··· Dataset excerpts

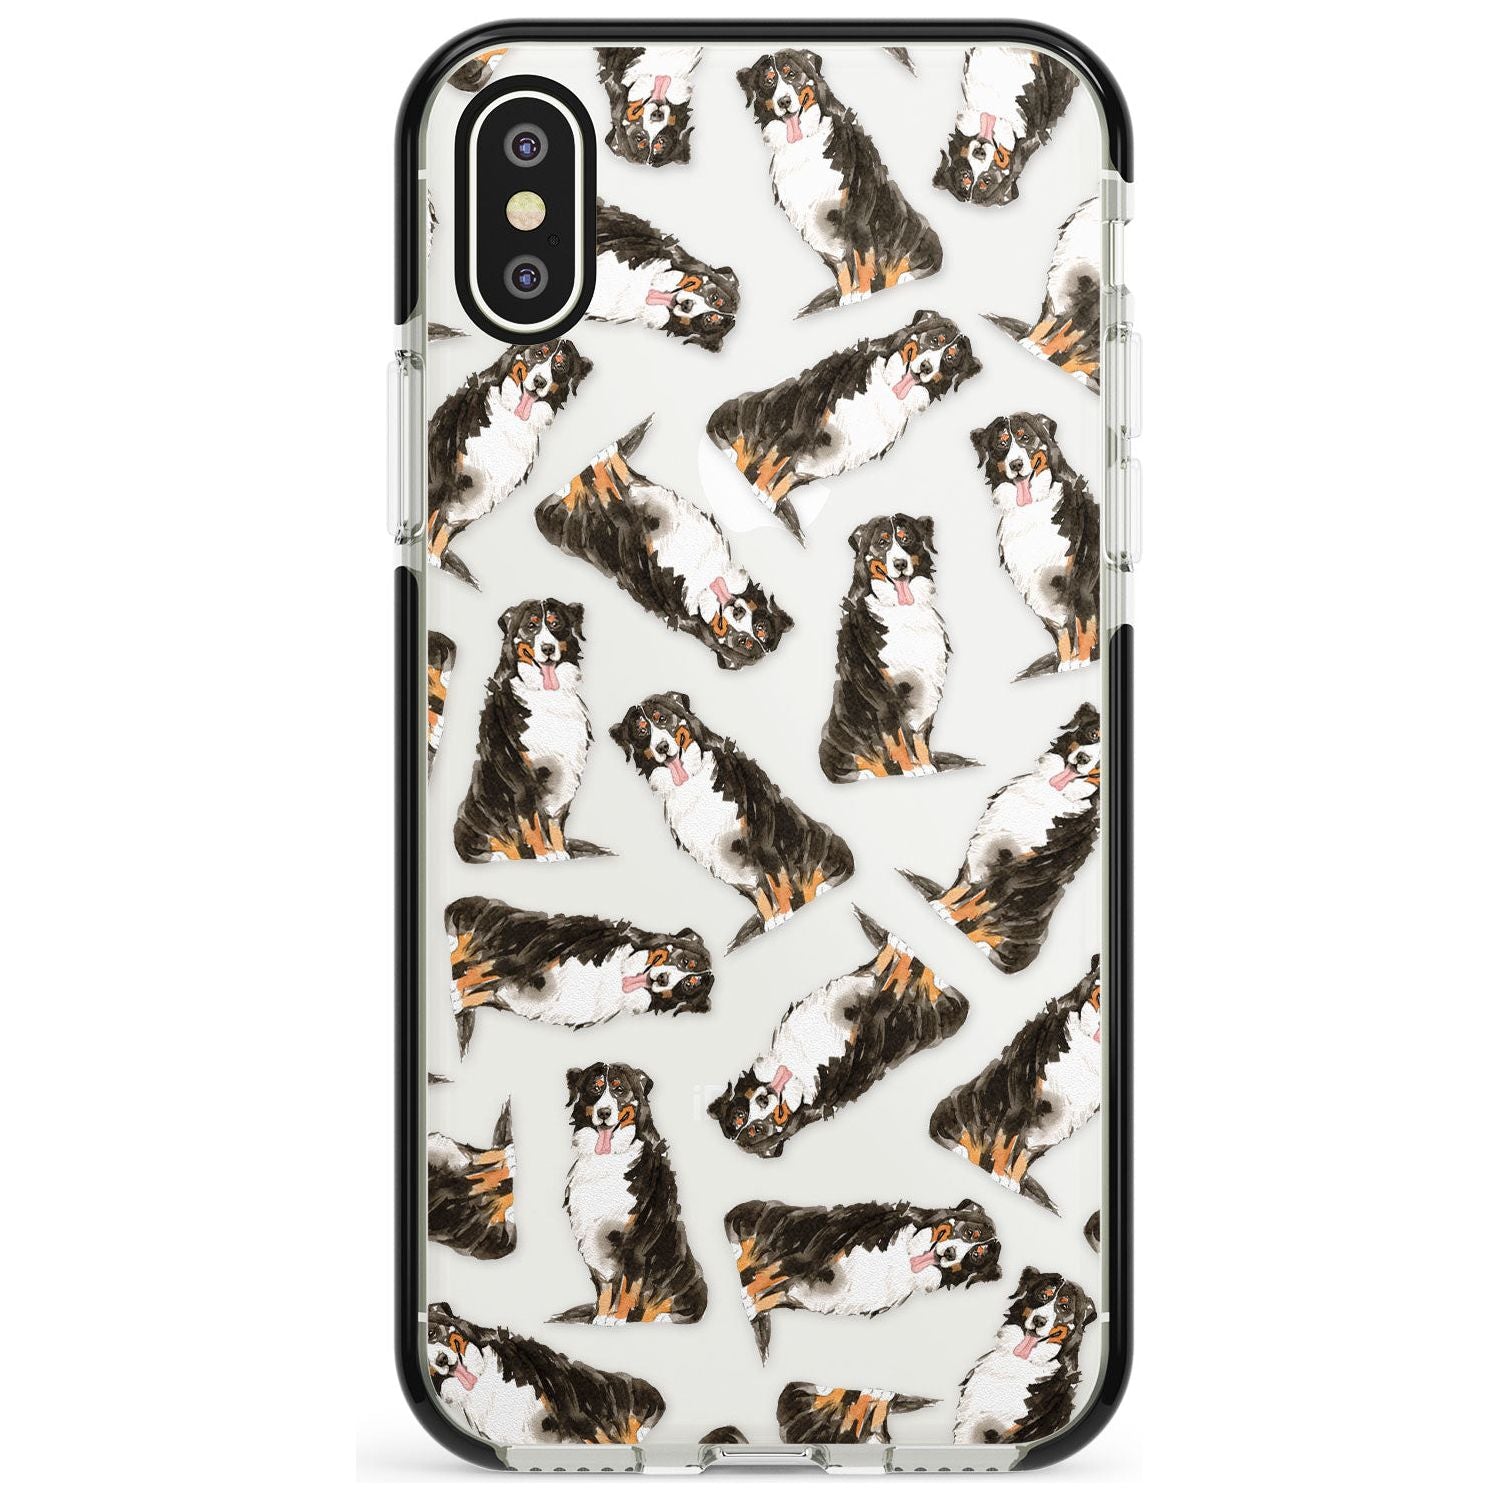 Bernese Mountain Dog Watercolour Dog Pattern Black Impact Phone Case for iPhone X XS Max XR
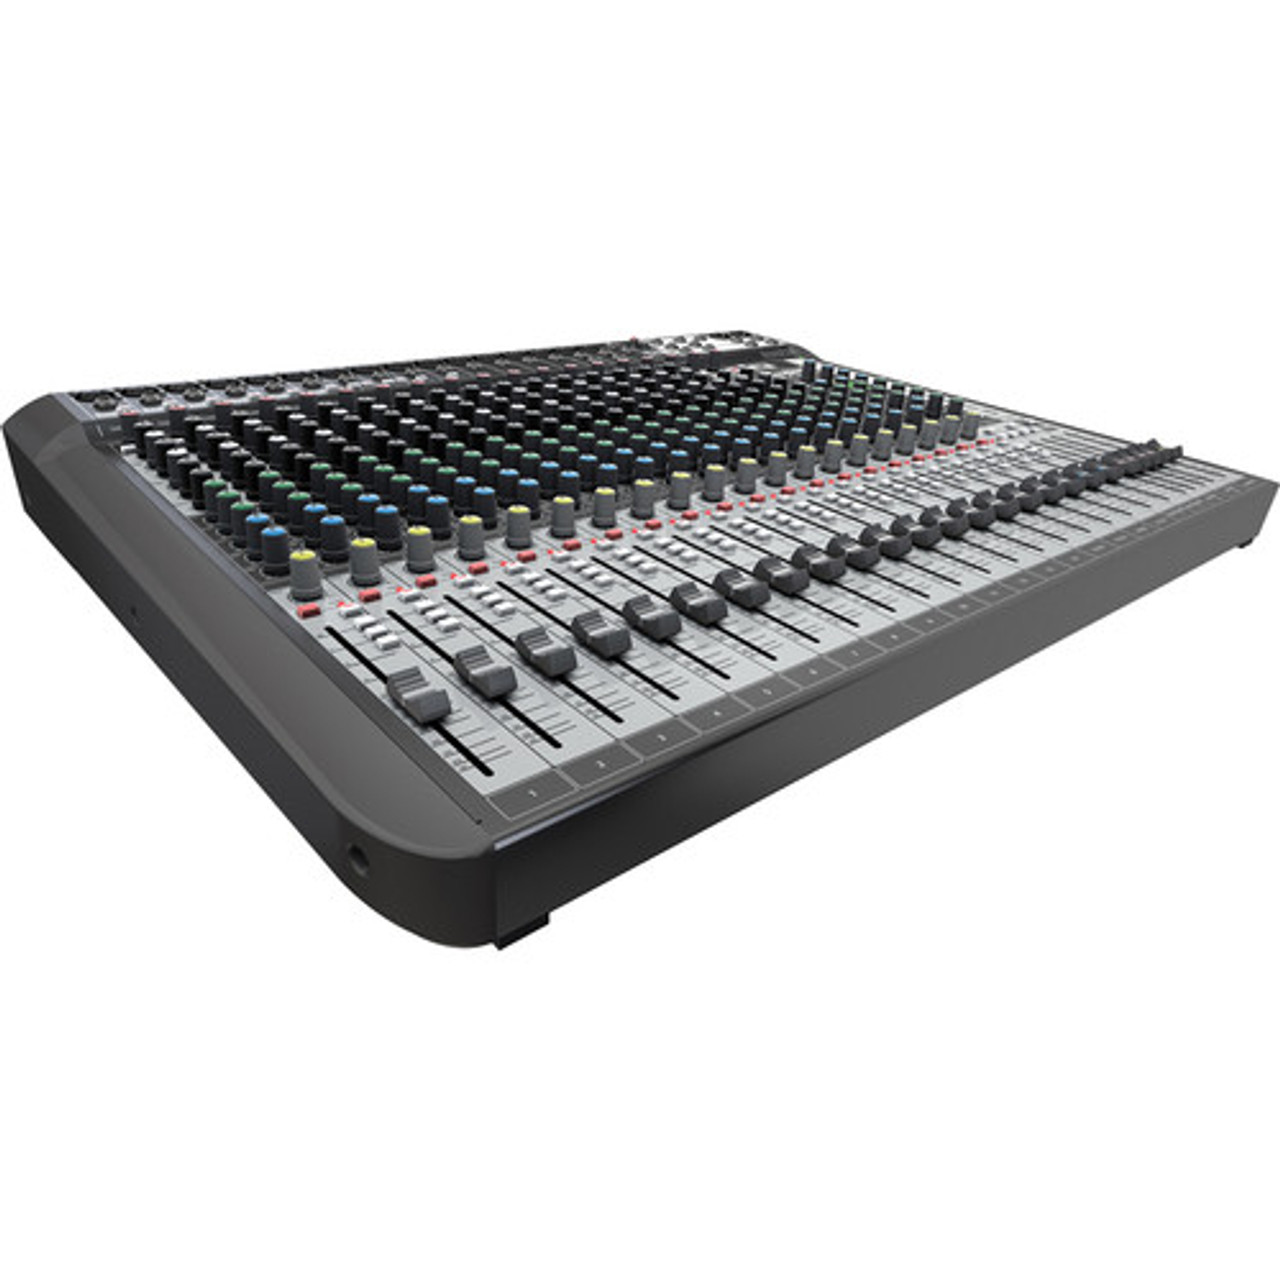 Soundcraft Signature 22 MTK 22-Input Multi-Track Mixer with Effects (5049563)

······
··· Dataset excerpts

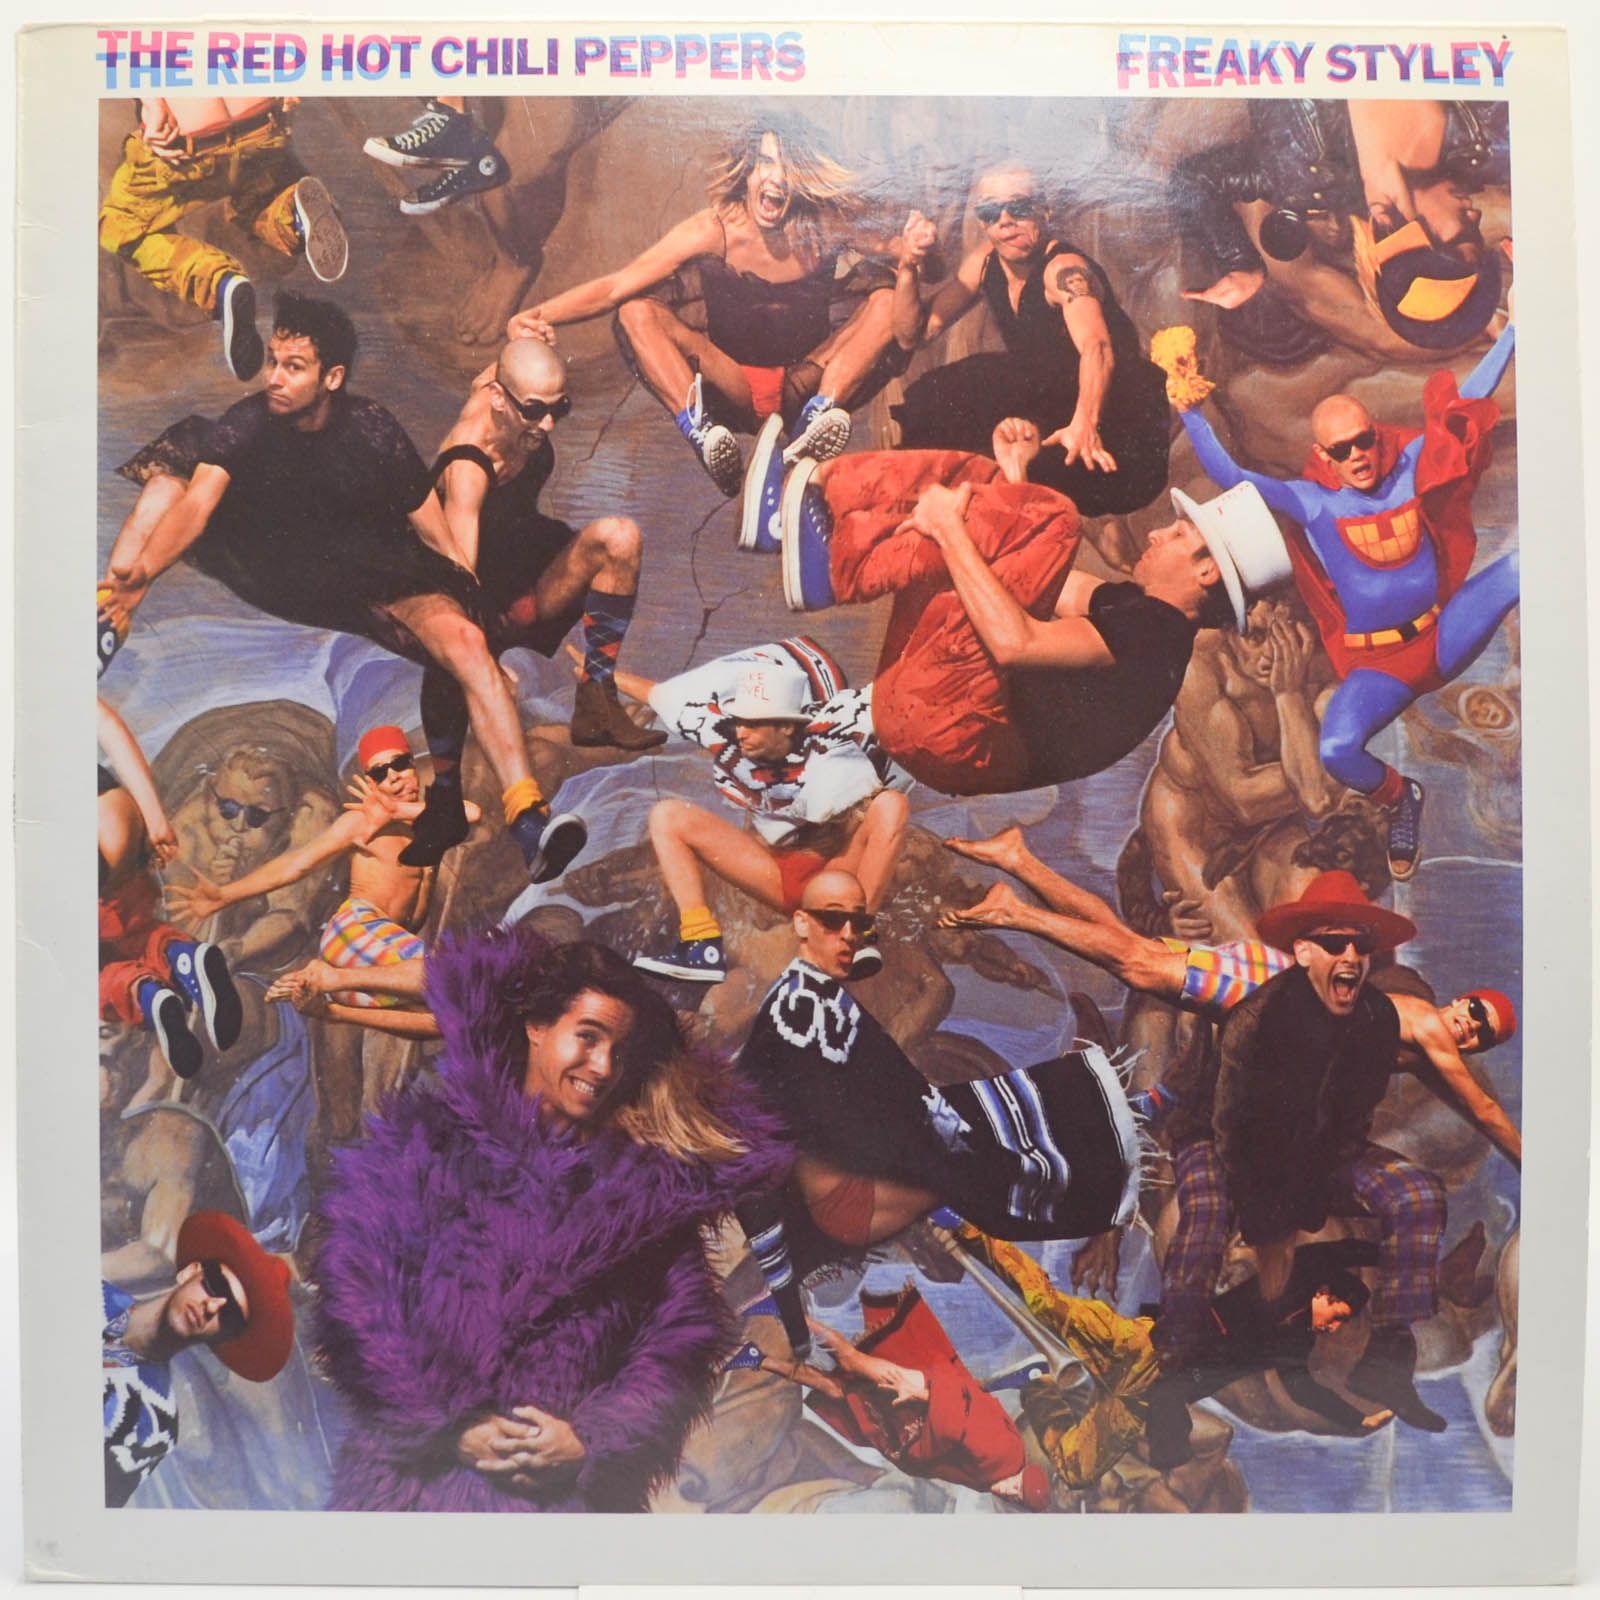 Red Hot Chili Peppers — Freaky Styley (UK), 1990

······

Problem statement
In the entries above, find the line containing "Bernese Mountain Dog" and the line containing "Soundcraft Signature 22"; give again exactly those two lines and every line between them, minus the pictures.

Solution for this task
 Bernese Mountain Dog Watercolour Dog Pattern Black Impact Phone Case for iPhone X XS Max XR
 Soundcraft Signature 22 MTK 22-Input Multi-Track Mixer with Effects (5049563)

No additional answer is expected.